Japanese officer, war criminal (1887–1980)

Shigeru Sawada (沢田 茂, Sawada Shigeru) was a career military officer and a lieutenant general in the Imperial Japanese Army during World War II.

==Biography==
Sawada was the third son of a farmer in what is now the Kamobe neighborhood of the city of Kochi, Kōchi Prefecture. After attending military preparatory schools in Kōchi and Hiroshima, he graduated from the 18th class of the Imperial Japanese Army Academy in 1905, serving as a junior officer in an artillery regiment. In 1910, he was sent to the Artillery Engineering School, and to the 26th class of the Army War College in 1914. On graduation, he was assigned to the Record and Documentation Bureau of Imperial Japanese Army General Staff, where he was assigned to the task of compiling an official record of the Russo-Japanese War. In January 1918, while still under the General Staff Office, he was assigned to accompany Japanese forces in the Japanese intervention in Siberia, and was assigned to the staff at Vladivostok and Omsk.
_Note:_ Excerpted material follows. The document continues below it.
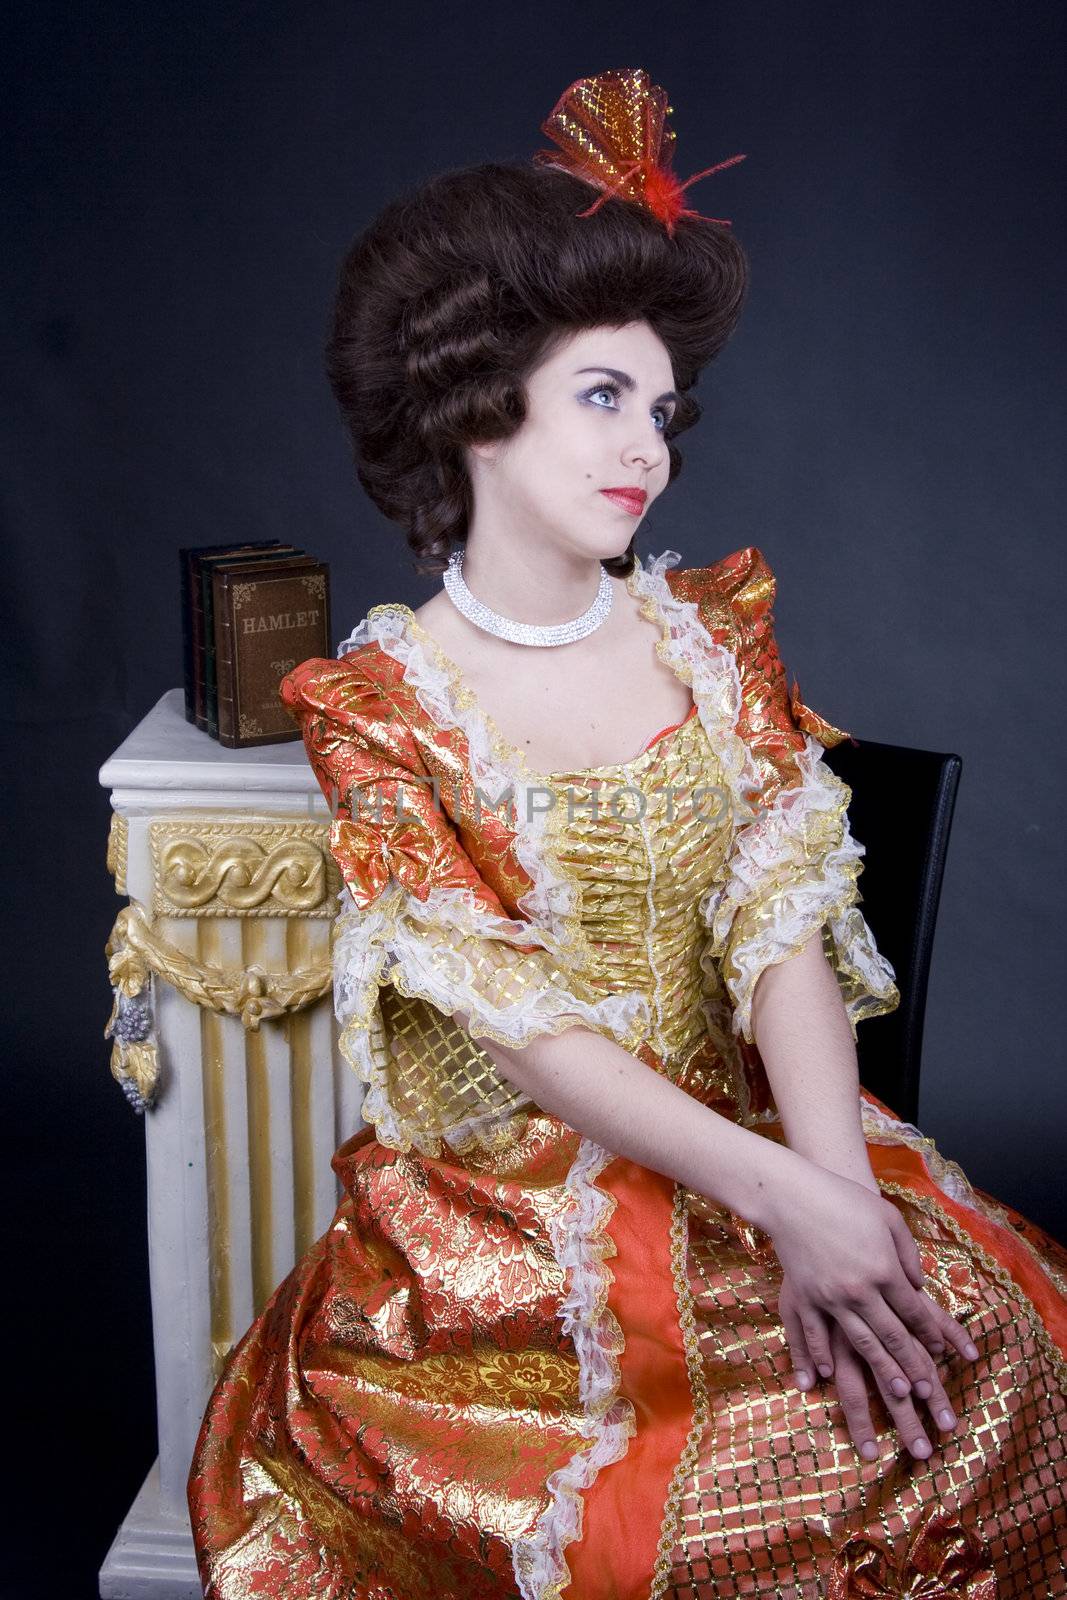 Elegant brunette from 18th century posing.

Already fluent in the French language, he also studied then Russian language, until he was forced to return to Japan due to typhus in February 1921. In November 1922, despite being an expert in Soviet affairs, he was assigned as a military attache to Greece. In August 1926, he was promoted to lieutenant colonel and served as an instructor at the Army Staff College. he became director of the Harbin Special Agency from November 1928. In October 1930, he was promoted to colonel.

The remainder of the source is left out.